Read all the data into memory

In [17]:
from glob import glob
from numpy import *
files = sorted( glob('class3_files/names/yob*.txt') )
nyears = len(files);
def year(filename): return int(filename[-8:-4])
firstyear = year(files[0])
firstyear

d = {} # another dictionary
gd = {'F':0,'M':1} # keep track of males and females
for file in files:
    f = open(file) 
    lines = f.read().split('\n') # separate the long string into a list
    for line in lines:
        if len(line)==0: 
            continue # ignore empty lines

        # each line is of the form 'name,gender,count' so read these into varibles
        name,gender,count = line.split(',') # the deliminator is ','
        count = int(count) # typecast the count into a number - specifically and int: 1,2,3,4...
        
        # if it's a new name, add it to the dictionary
        if name not in d:
            d[name] = zeros((2,nyears),dtype=int)

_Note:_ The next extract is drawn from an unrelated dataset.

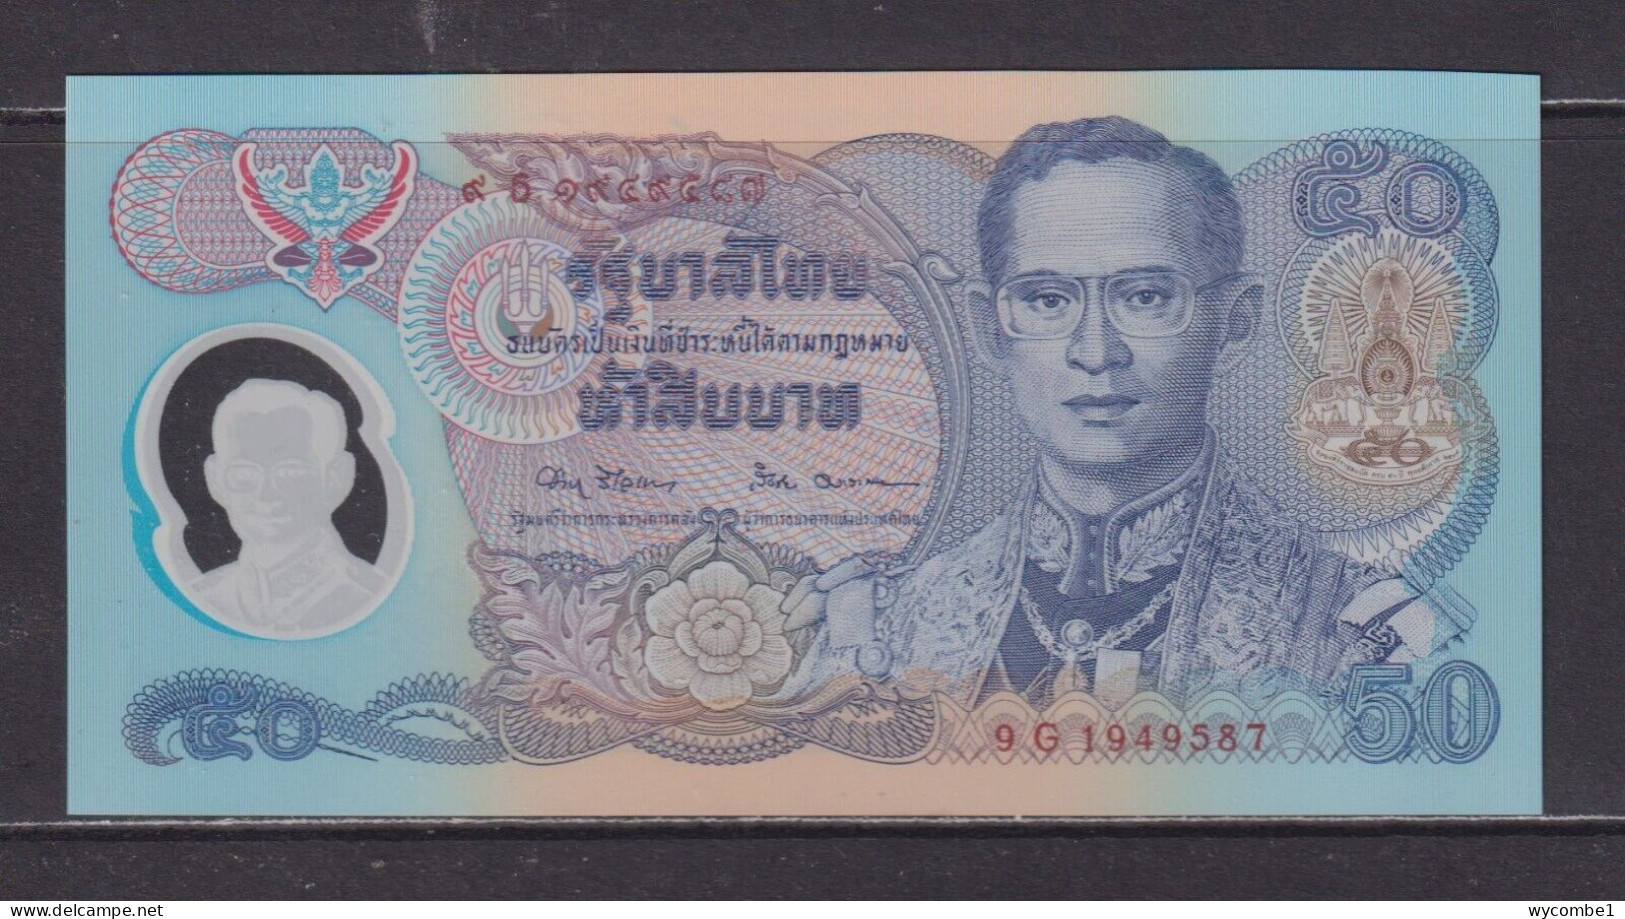 THAILAND - 2004 50 Baht UNC Banknote - Thailand

        # update the count for that line
        d[name][ gd[gender], year(file)-firstyear] = count
    f.close()
    
#d['Edward']
In [18]:
#plot name popularity for two Edward

name = 'Edward'
plot( range(firstyear,year(files[-1])+1)   ,d[name][1] ,'b')  # males
plot( range(firstyear,year(files[-1])+1)   ,d[name][0] ,'r'); # females

Gender-predominance of some names has flipped over time

In [19]:
#plot name popularity for two Edward

name = 'Leslie'
plot( range(firstyear,year(files[-1])+1)   ,d[name][0] ,'r')
plot( range(firstyear,year(files[-1])+1)   ,d[name][1] ,'b');

For Project 1. Extend this result somehow....

Exercise 3: Political Transcripts

The goal is study and compare word usage for the 2 presidential candidates: Clinton and Trump.

Step 0: Download the file

separate lists for each speaker

http://www.acsu.buffalo.edu/~danet/Sp18/MTH448/class2/class2_files/political_transcript.txt

Exercise 4: First names database

Step 1: Open file and preprocess text

separate lists for each speaker

In [20]:
f = open("class3_files/The_first_Trump-Clinton_presidential_debate_transcript_annotated.txt")
s = f.read()
f.close()

#we want to remove the following characters and string
punc = ',.;:!?"'
otherbadwords = ['--','(APPLAUSE)','(inaudible)','(LAUGHTER)','(CROSSTALK)']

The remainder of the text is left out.